# Warhammer Forge adds some more Nurgle stuff



## aboytervigon (Jul 6, 2010)

*Forgeworld nurgle plague riders and more*

There just showed up on forgeworld.



















More pics


----------



## Hooobit (Dec 5, 2010)

That is the weirdest fuckin thing i've seen on here yet.


----------



## Midge913 (Oct 21, 2010)

I like the Lord on the Nurgle beast but the Plaguebearers on the toads are just ridiculous. I love Nurlge and all but I wish that FW would give some love to the rest of the powers.


----------



## Dagmire (Oct 9, 2008)

Here it is, nurgle beast riders and an named dude 


http://www.forgeworld.co.uk/Warhammer/WARHAMMER_CHAOS


----------



## effigy22 (Jun 29, 2008)

The character is pretty nice! His description is awesome!

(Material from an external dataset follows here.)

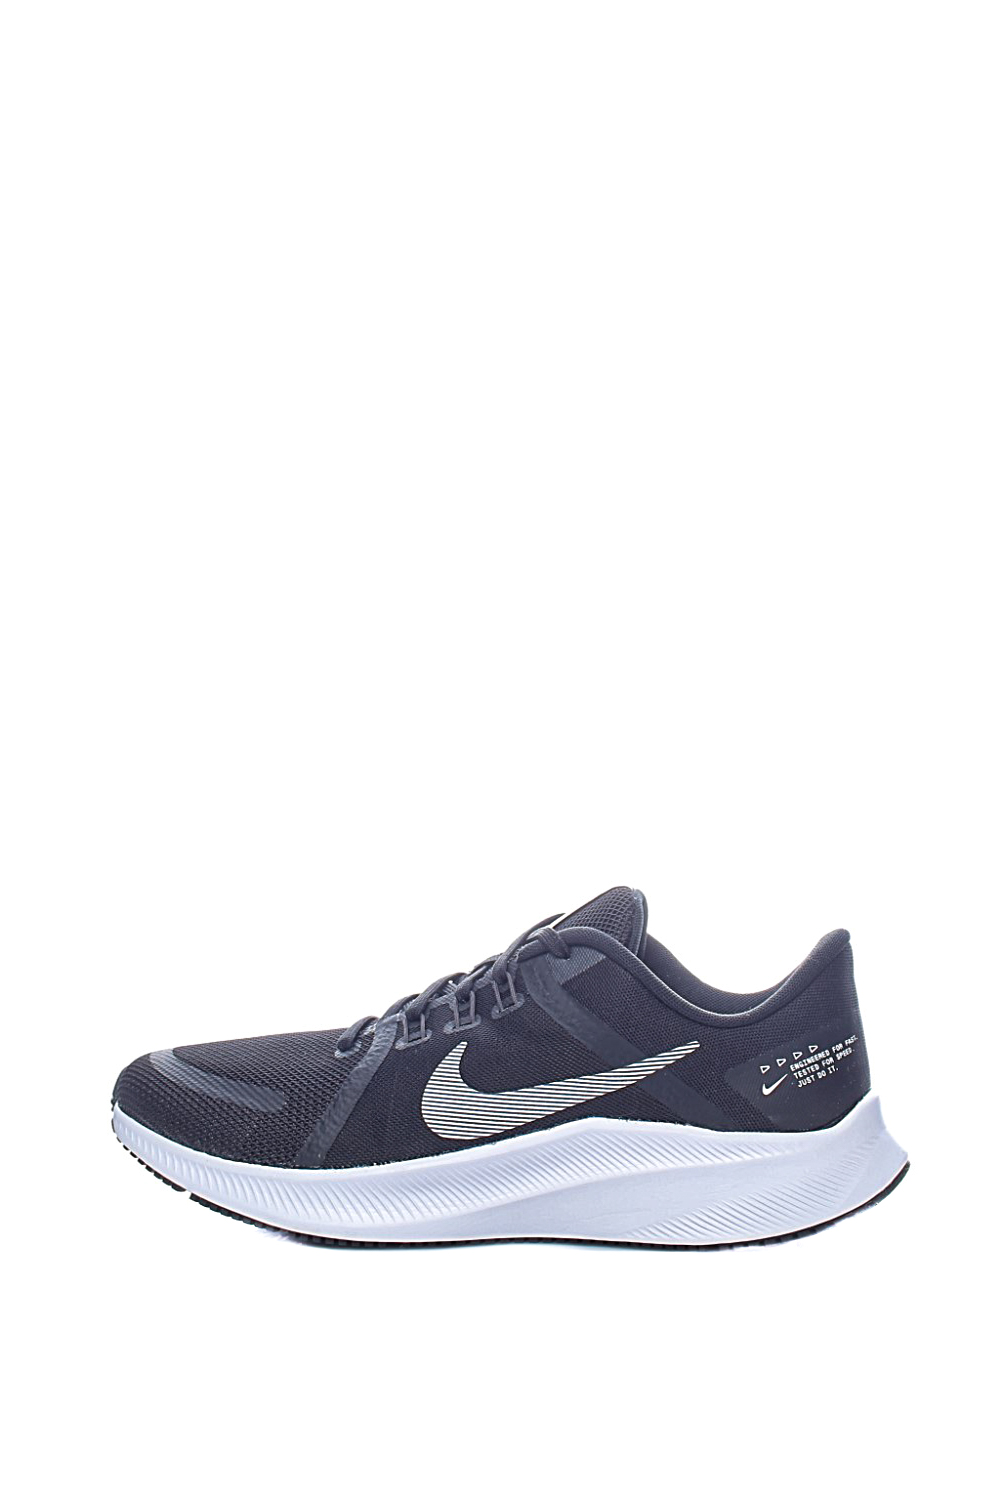 NIKE - Ανδρικά running παπούτσια NIKE QUEST 4 μαύρα Ανδρικά/Παπούτσια/Αθλητικά/Running

My only question... WHERE'S THE EMPIRE STUFF!?


----------



## xenobiotic (Jun 7, 2008)

Midge913 said:


> I like the Lord on the Nurgle beast but the Plaguebearers on the toads are just ridiculous. I love Nurlge and all but I wish that FW would give some love to the rest of the powers.


I agree on that sentiment. They have focused a bit to much on nurgle (and khorne in some sense) for a long time when they have produced anything chaos related over at forgeworld. One would think tzeentch and slaanesh would have many awesome concepts to offer but they might just have been snowed in on grandfather nurgle(?) I guess (which is a pity, diversifying the product-line could probably open up forgeworld to more gamers).


----------



## Kreuger (Aug 30, 2010)

That looks like the most ridiculous rodeo ever.


----------



## Vaz (Mar 19, 2008)

Chicka chicka wow jizz. 

Kazyk the fouled is outstanding. Lol at Beast Riders being £55 for 3 (~£18ish).


----------



## aboytervigon (Jul 6, 2010)

Lol i thought this was another thread wow im an idiot.


----------



## IanC (Sep 3, 2010)

I like the Plague Riders. Selling them separately is a good idea, so you can have the toads by themselves or with the riders. And i'm sure you could do something with the riders by themselves.


----------



## Khorothis (May 12, 2009)

Makes you dream about a new Daemon Codex coming up sometime, doesn't it?  Heavy emphasis on "dream".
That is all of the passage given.